# Kamry Mini box mod



## Daniel (13/12/14)

ANOTHER one , expected early January ... http://www.kamrytech.com/Product/4937165728.html

Size 84.3*49.2*23mm
Wattage 7W-20W
Colors Stainless steel and red copper
Resistance 0.3ohm-3.0ohm
Threading 510 thread
Material High-end Aluminum 
Protection System short circus protection, high tem protection
Oled Screen Oled HD Screen display
Charging Port Mirco USB charging port

*
















*

*















*

Reactions: Like 2


----------



## rogue zombie (13/12/14)

Yeah, the more the merrier.

I love my iStick size, a tiny bit bigger would do.

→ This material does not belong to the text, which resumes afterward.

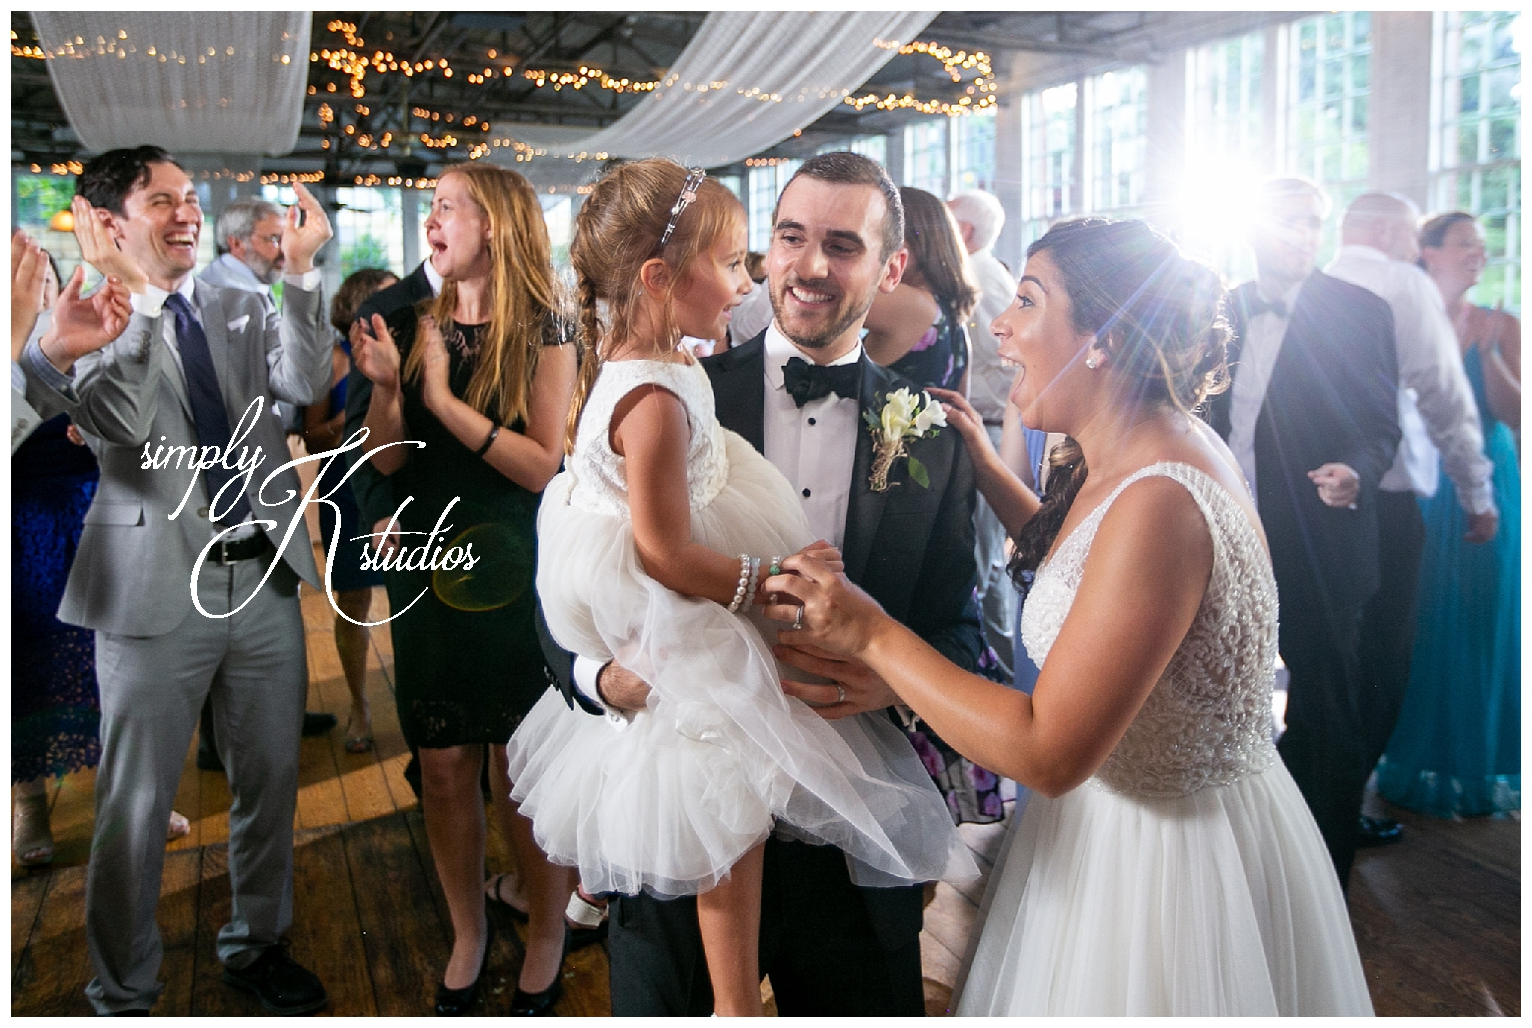 Flower Girl at a Wedding.jpg

But it is round about the size I want a mod to be.

Reactions: Agree 1


----------



## free3dom (13/12/14)

Small, the box mods are becoming

Reactions: Agree 1


----------



## huffnpuff (13/12/14)

? Nothing really "mini" about this. It's the size of a big Hana Mod.

Reactions: Agree 2


----------



## free3dom (13/12/14)

huffnpuff said:


> ? Nothing really "mini" about this. It's the size of a big Hana Mod.



Sure, but there's "mini" in the name

Reactions: Funny 3


----------